# Find of the century!



## TaoJonz (Nov 5, 2010)

I've struggled forever on the display issue...but found this card rack at Goodwill, $7...and it is brand new.  These things are hundreds of dollars retail.  I hot glued a transparent strip in front of each panel so the soap wouldn't slip....and added a glass bubble topper for fun.   It takes up very little space...so I can use a much smaller table for other things.   I had a very small show yesterday and what I found was that the rack engaged people...they were there much longer than at the table top.    What do you think?

http://www.flickr.com/photos/pureblisse ... /lightbox/


----------



## heyjude (Nov 5, 2010)

Nice find!


----------



## Genny (Nov 5, 2010)

$7?!  You lucky thing.  That is very nice looking.


----------



## TaoJonz (Nov 6, 2010)

thanks guys.  The other thing that I like about it is all the sections come apart....it takes 5 min to set it up. take it down, easy to transport and store, with very little space


----------



## Hazel (Nov 6, 2010)

Wow! That is nice. It would certainly get my attention and I'd be one of the people spinning it.


----------



## BakingNana (Nov 7, 2010)

That is the nicest display I've seen in a long time.  And your soaps are absolutely breathtaking!  How many "Oh, I could never USE that!" comments do you get?!?  Works of art!


----------



## soapbuddy (Nov 7, 2010)

Congrats! The bubble at the top adds a nice touch.


----------



## TaoJonz (Nov 7, 2010)

aww...thank you guys.  I do get some of the "I just want to leave it in my bathroom to look at" kind of comments...but earlier this year I drastically cut back the amounts and different kinds of products I'm willing to put time into, in favor of doing what I love best...the artistic stuff.  I'll never get rich on this endeavor...but I sell enough to keep me creating, and that's all I really wanted out of soapmaking.

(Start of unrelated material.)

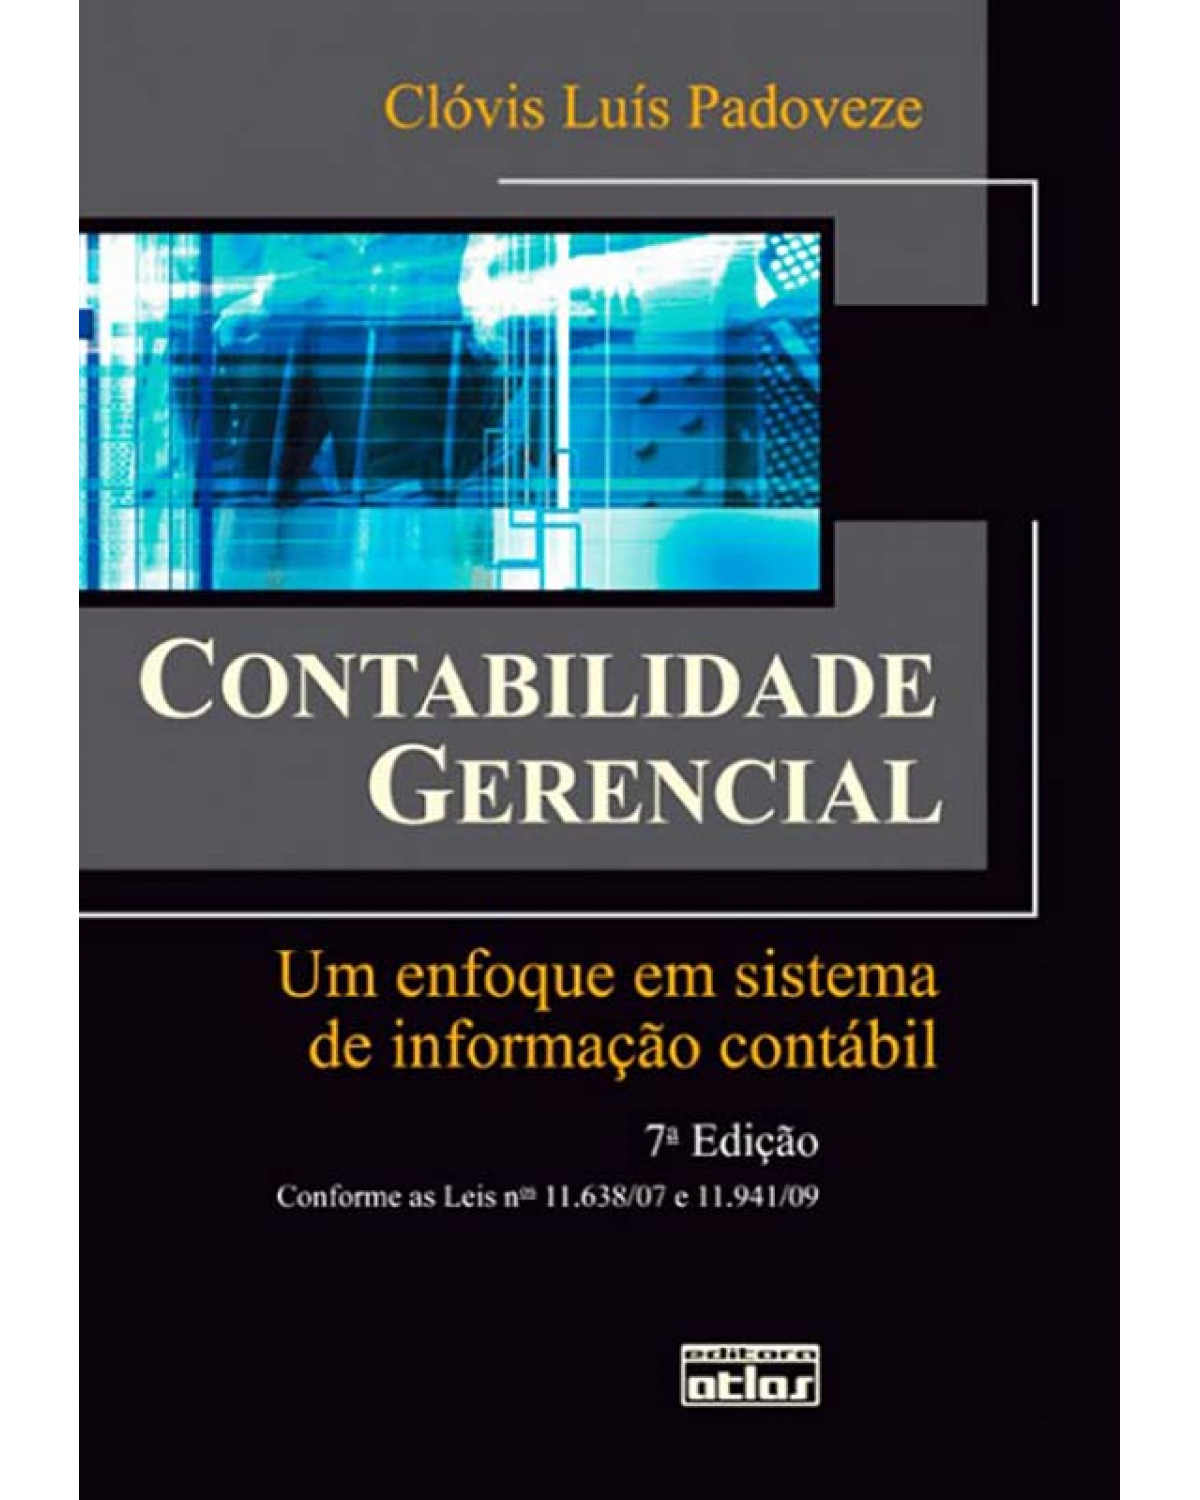 Contabilidade gerencial - Um enfoque em sistema de informação contábil - 7ª Edição | 2010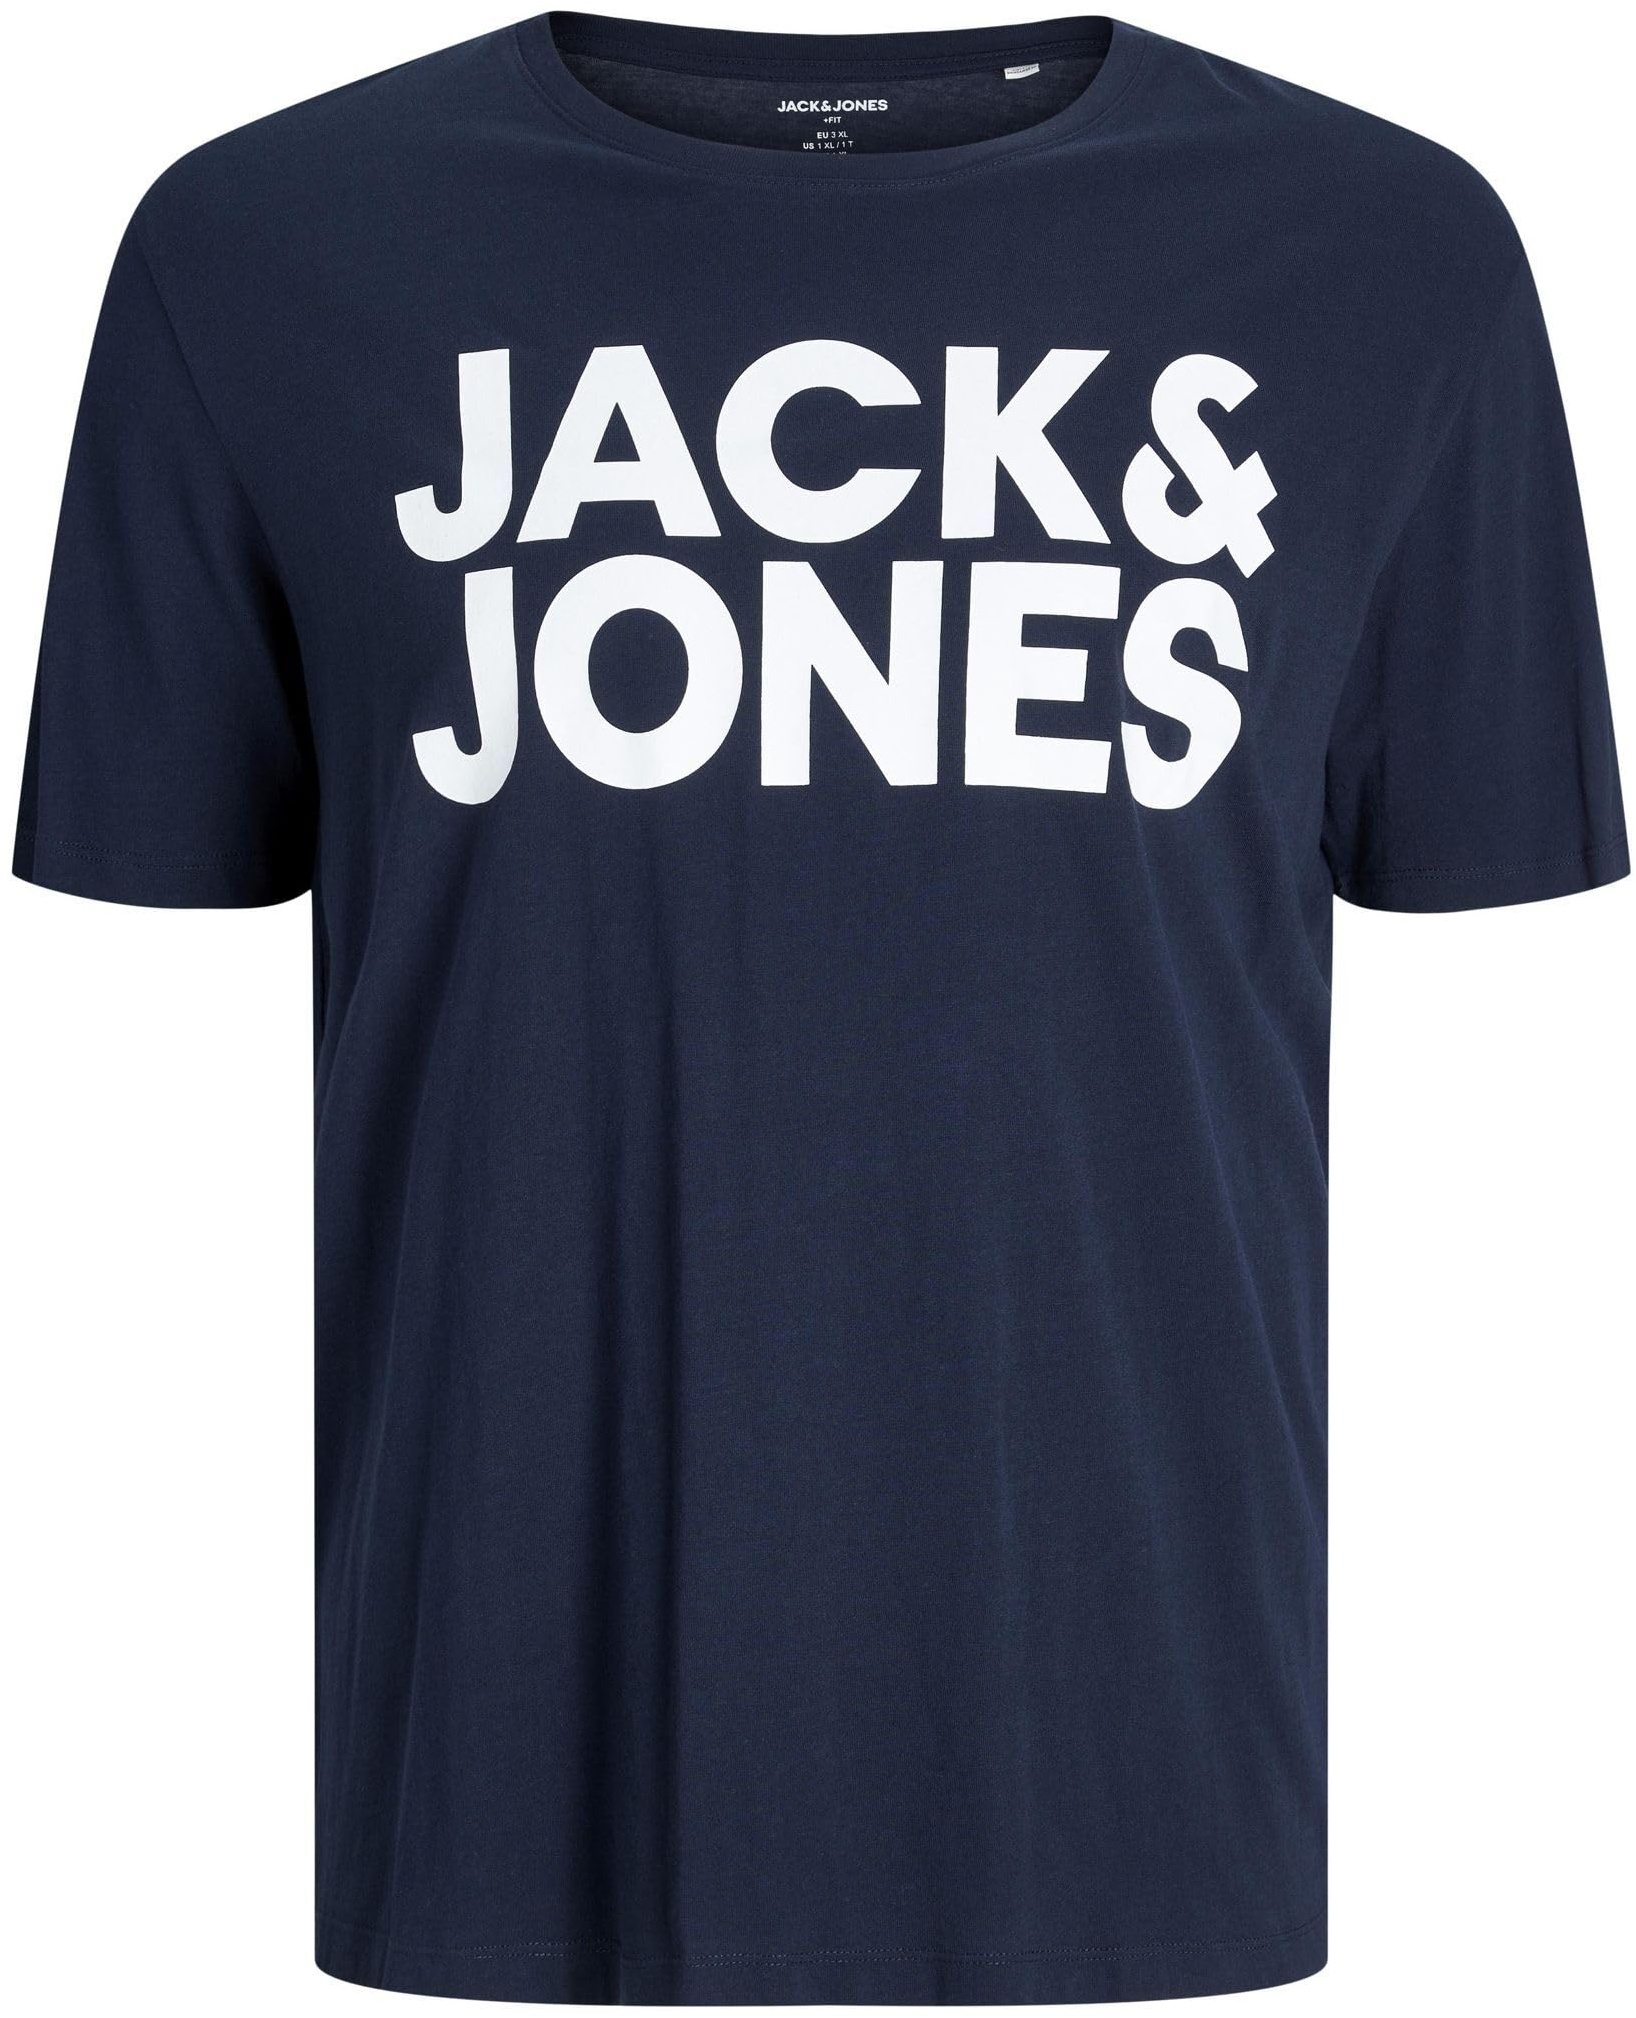 Herren Jack & Jones Logo T-Shirt Plus Size | Rundhals Kurzarm Shirt | Übergrößen Shortsleeve JJECORP, Farben:Navy, Größe:3XL

Thank you for your kind comments!


----------



## BakingNana (Nov 7, 2010)

TaoJonz said:
			
		

> aww...thank you guys.  I do get some of the "I just want to leave it in my bathroom to look at" kind of comments...but earlier this year I drastically cut back the amounts and different kinds of products I'm willing to put time into, in favor of doing what I love best...the artistic stuff.  I'll never get rich on this endeavor...but I sell enough to keep me creating, and that's all I really wanted out of soapmaking.
> 
> Thank you for your kind comments!



I hope you'll post pics of what you do in the future.  You're VERY talented!


----------



## Bubbly Buddha (Nov 8, 2010)

What a great find!  Good sleuthing!  I LOVE getting a deal!


----------



## agriffin (Nov 8, 2010)

Score!  Nice!


----------



## veronen (Dec 3, 2010)

*love the bubble topper*

That bubble topper is so pretty where ever did you find something like that may I ask =)! love the rach btw great idea!


----------



## TaoJonz (Dec 16, 2010)

*Re: love the bubble topper*



			
				veronen said:
			
		

> That bubble topper is so pretty where ever did you find something like that may I ask =)! love the rach btw great idea!



I made that bubble topper...the top of the rack was unfinished and ugly...and I thought of doing something holiday-ish, but decided bubbles would be good anytime.  So I scoured the stores for irredescent christmas balls...glued them together!


----------



## rubyslippers (Dec 16, 2010)

*Re: love the bubble topper*



			
				TaoJonz said:
			
		

> ...I scoured the stores for irredescent christmas balls...glued them together!



Very clever!!


----------